Fortunately, neither of us had broken anything, bones or bikes, but our separate and distinct feelings had been wounded. It would be an hour’s ride before we would kiss and make up.
August 16, 1986 — Mileage: 2,713
Three days of hard pedaling against 15mph headwinds traveling west from Fargo were taking their toll. We woke up tired in Pekin, and packed our bikes in slow motion. Our lethargy made the morning dreary and the countryside dull. Even the headwind had gone somewhere else. An occasional mist and light sprinkle prodded us onward.
A signpost informed us that we had entered Fort Totten Indian Reservation. We were jerked out of our stupor, a Fargo voice hovering in our joint memory: “Whatever you do, don’t stop pedaling once you enter an Indian reservation! Just go as fast as you can until you see the sign announcing that you are now leaving.…”.
The farmland looked peaceful and prosperous, and we wondered about the ambiguous warnings we had received. When we questioned the advice in several instances, we got only shrugs and “believe me-s.” As we pedaled, everything looked normal enough, though there wasn’t much car traffic for Saturday morning, only an occasional auto.
We had been on the road for twenty miles since leaving Pekin, and the BikeCentennial map showed a town three miles ahead: Warwick, North Dakota, population 168, with a restaurant, service station, and grocery. A cup of coffee might pick us up, so we decided to stop. Maybe we’d learn something about the Sioux.
We turned off the highway at the Warwick signpost, and coasted into town abreast. The pavement turned into dirt, and suddenly it was as if we had time-traveled backwards into a 1920 Western ghost town. There were ramshackle low-rise wooden buildings on either side of the street. A bank on one side, the dusty shades drawn. Next to it, a sign advertised a grocery store, but it didn’t look like it had had food on the shelves for a long time. Across the street, a restaurant with a smashed plate-glass window was next to a saloon. I knew it was a saloon because we were West of the Mississippi and the volume of what was passing for music emanating from within. No swinging doors here. Just a plain, dog-eared wooden door.

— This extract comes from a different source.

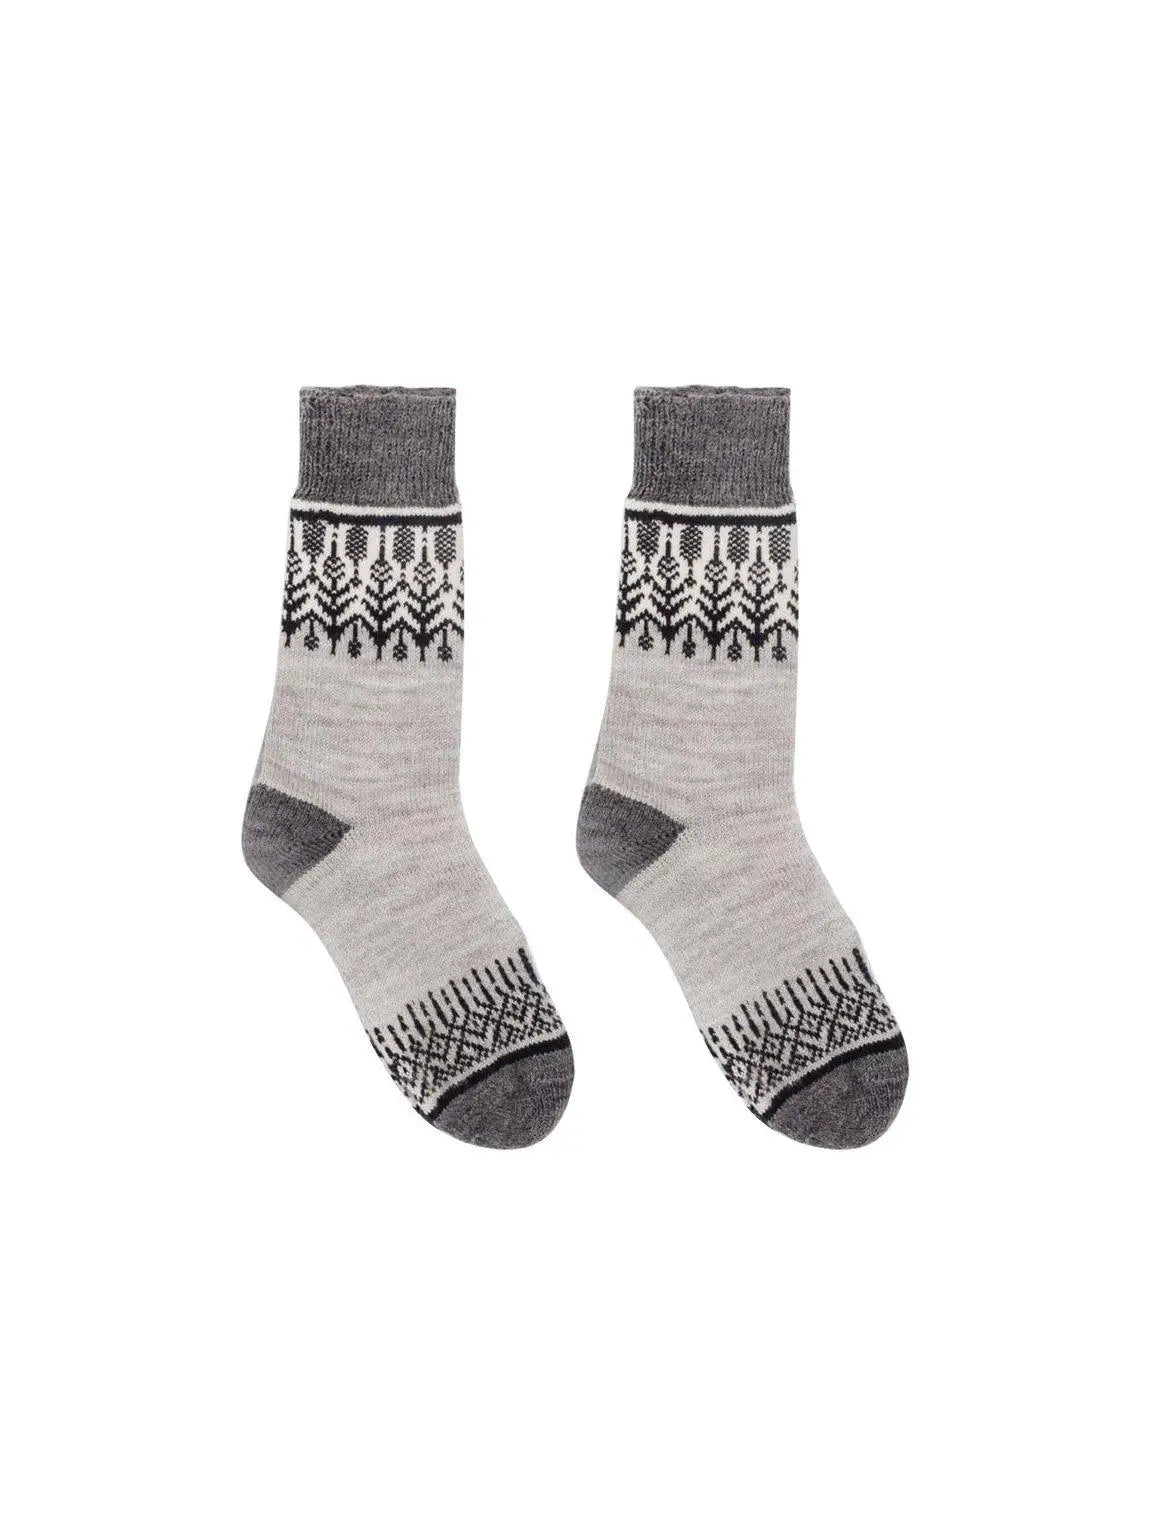 Nordic Socks Merino Wool PERFORM™ Warm (Yule) - Unisex - My Filosophy

Breakfast and coffee were often served in small-town taverns, so we leaned our bicycles against the wall of the one-story, sandstone building and went inside. The jukebox was blaring what was undecernable as music from the far wall. Directly in front of us was an over-the-years stained wooden bar lined with seven or so backless stools. The first two stools from the door were the only ones not occupied.
As we walked further into the room, our nostrils were filled with the odors of sweat, stale beer, and cigarettes. Our eyes were struggling to adjust to the minuscule light from three rope-hung light bulbs. Having no place to go, cigarette smoke stacked itself against the low-hanging ceiling. On our right were three bare, hastily-made wooden tables. Chairs were higgly-piggly in the general area, but nobody was sitting that I could see.
At the rear of the room was a pool table. One player was bent over the table making his move; another, standing nearby, was ready to take over when he missed. They stopped in mid-concentration and leaned against the apron, watching us as we entered.
Looking on from behind the table were five or six wiry men in low-slung, rummage-sale-jeans, their backs against the smudged wall, cigarettes hanging from their lips. All was quiet and still as we entered the room, leaving just the jukebox screeching a plaintiff song of woe. All eyes were on the white man and woman in funny-looking shorts, dusty themselves from three days on the road. Ironically, Bob wore a bandana wrapped around his forehead.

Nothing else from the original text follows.